2. In addition, there will be particular immediate and long-term beneficiaries in Uganda.
i. The mothers and their infants participating in the study will benefit, during the critical first year of the infant's life, from the excellent, free medical care provided by the research clinic.
ii. The staff of Entebbe Hospital, with whom the research team collaborates, will benefit from on-going training in research methods and good clinical research practice, as well as from salary enhancement in appreciation of their contribution to the work.
iii. The research team. The Co-infection Studies Programme has a strong track record in research capacity building, having developed a research team trained in good clinical research practice now numbering 40 strong, and having contributed to research training for 20 Masters, 12 PhD students and 5 post-doctoral fellows, as well as numerous school-leaver and undergraduate internships. The proposed work will continue to act as a platform for such research capacity development.

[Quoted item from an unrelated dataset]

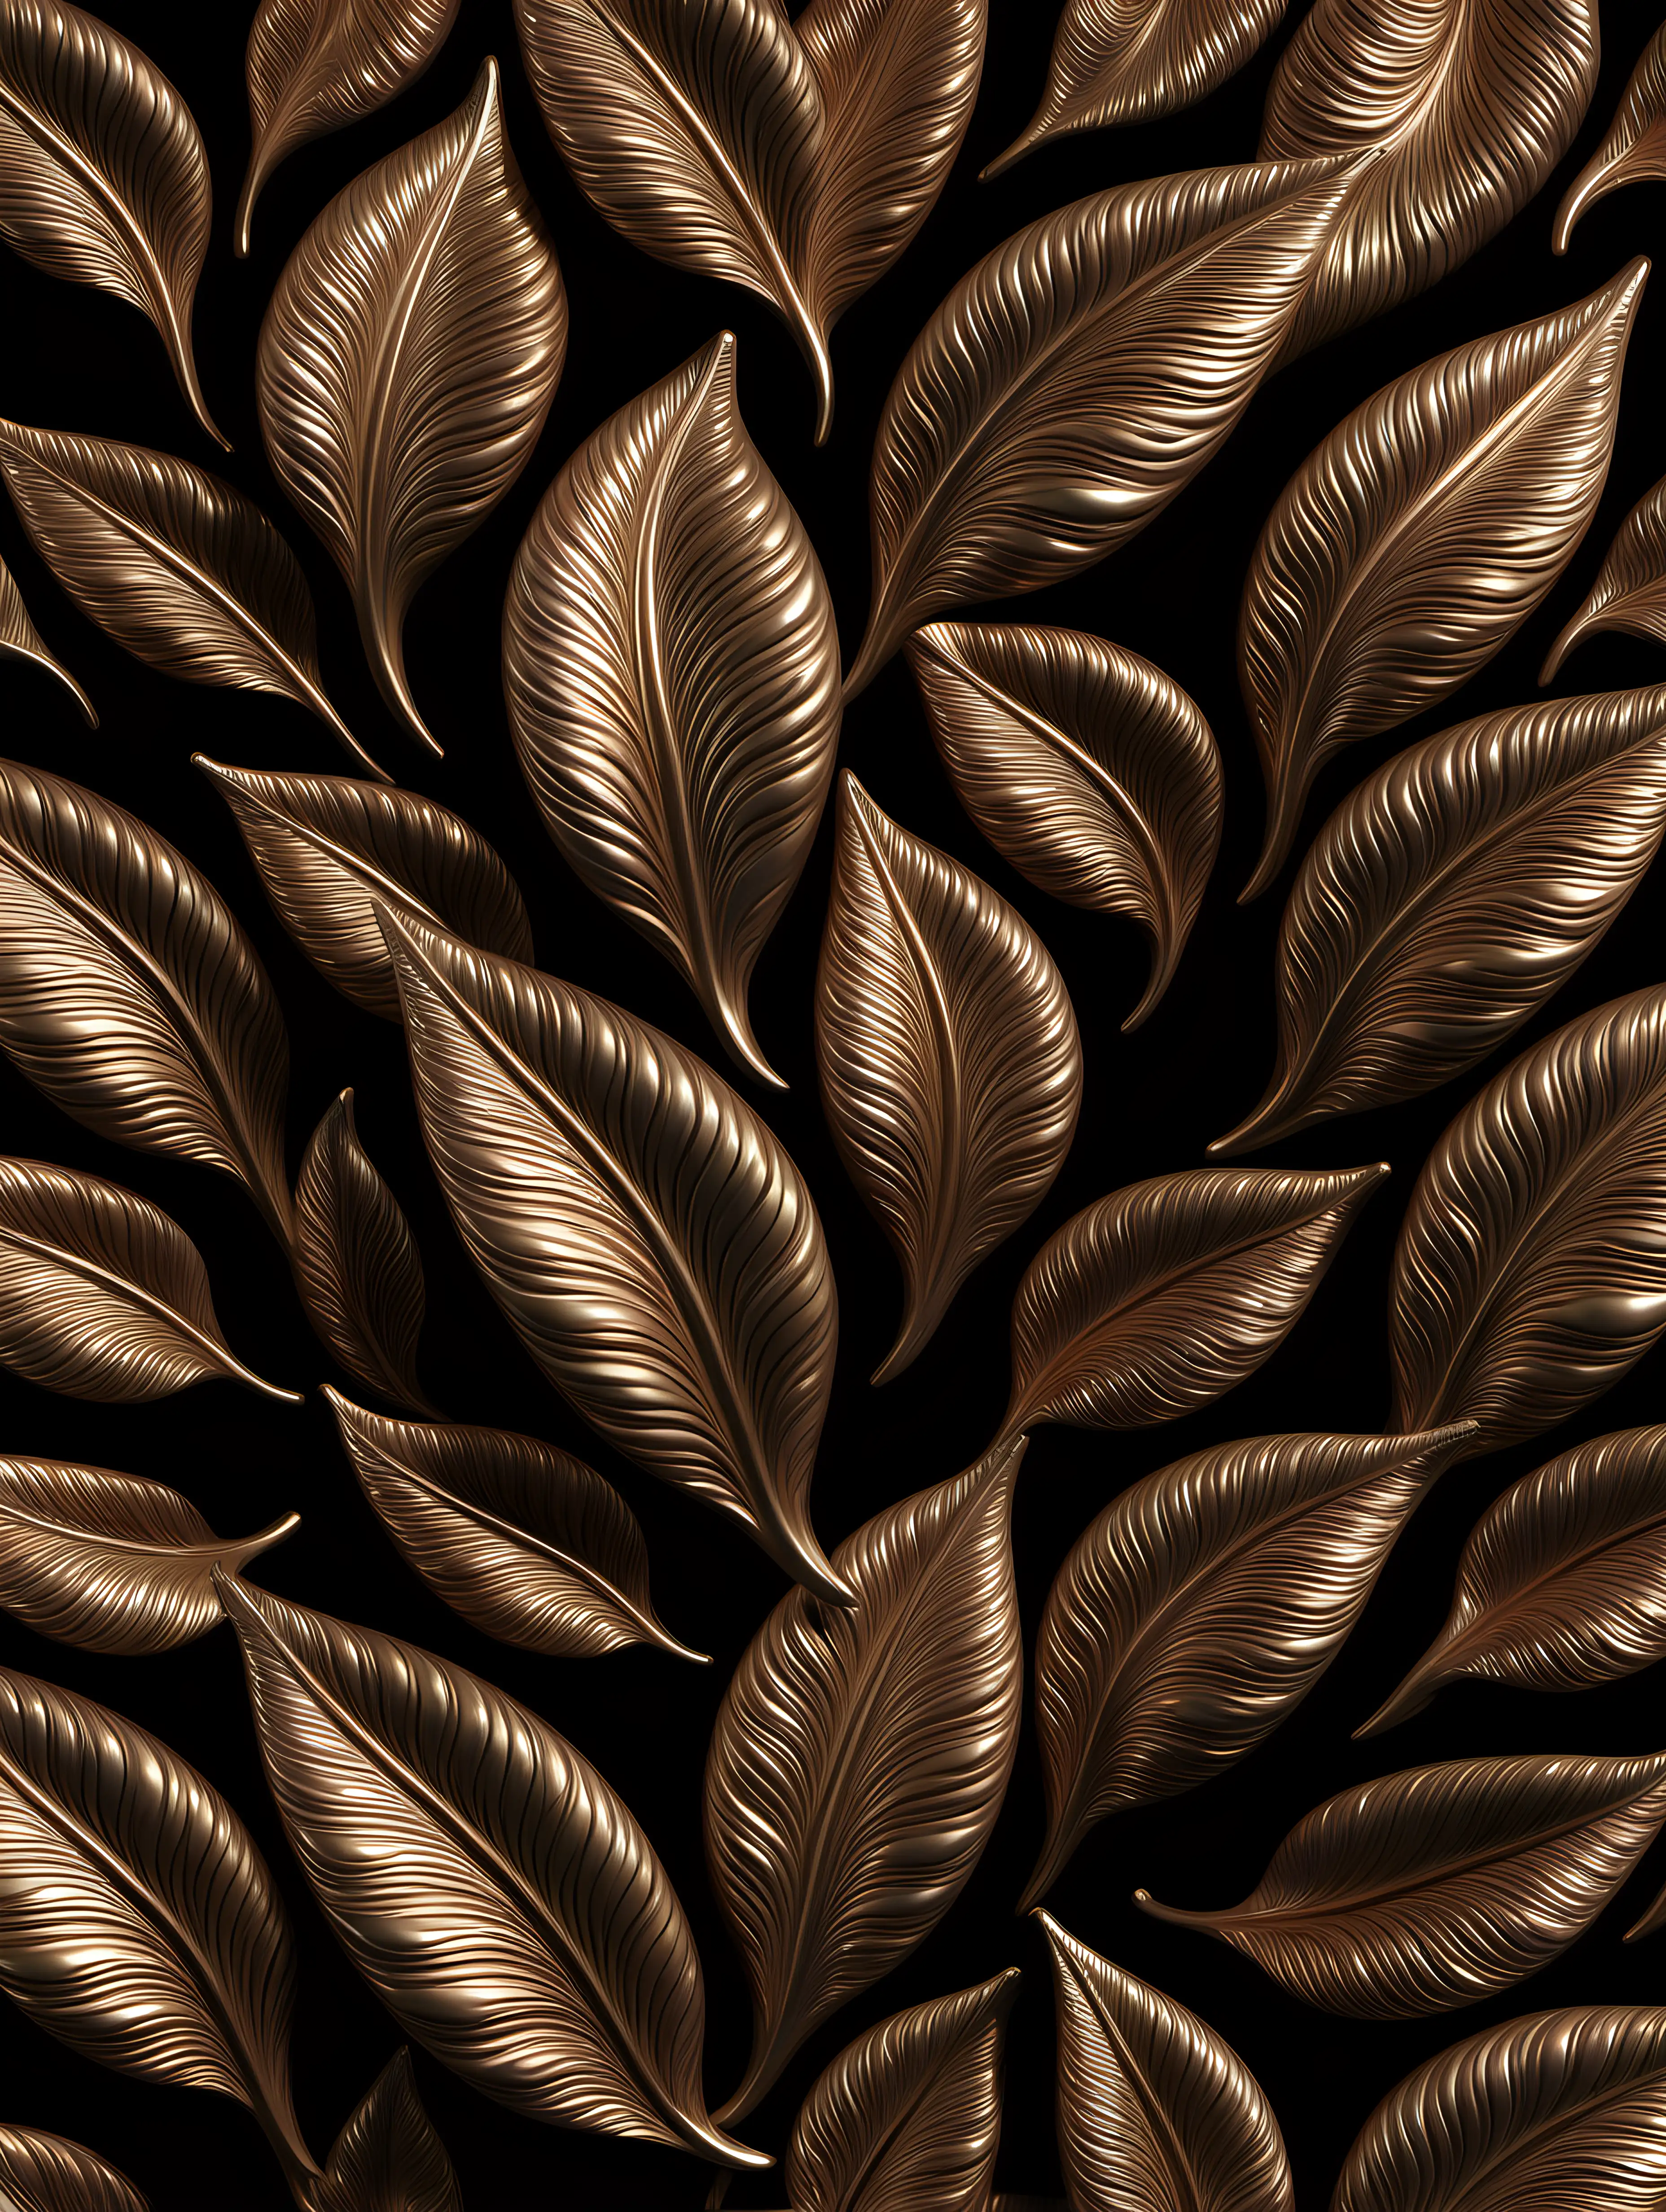 3D bronze leave pattern, vintage style, black background

iv. Technology and skills transfer. The London team will support the transfer of new techniques to Uganda, particularly the use of Luminex assays, which are just being established in Uganda, thus enhancing capacity in cutting edge immunology research. The analysis of complex immunological data is of increasing importance given availability of techniques, such as Luminex and microarray, which can produce results on hundreds or thousands of outcomes from a small amount of material. Dr Emily Webb will work with statisticians in Uganda on the analysis of Luminex data using principal component analysis. Ugandan trainees will also have the opportunity to learn about the analysis of microarray data through the collaboration with VGTI: this project is one of several currently in progress between VGTI and the Uganda Virus Research Institute and together with other projects, will contribute to the development of bioinformatics expertise at the MRC Uganda Unit.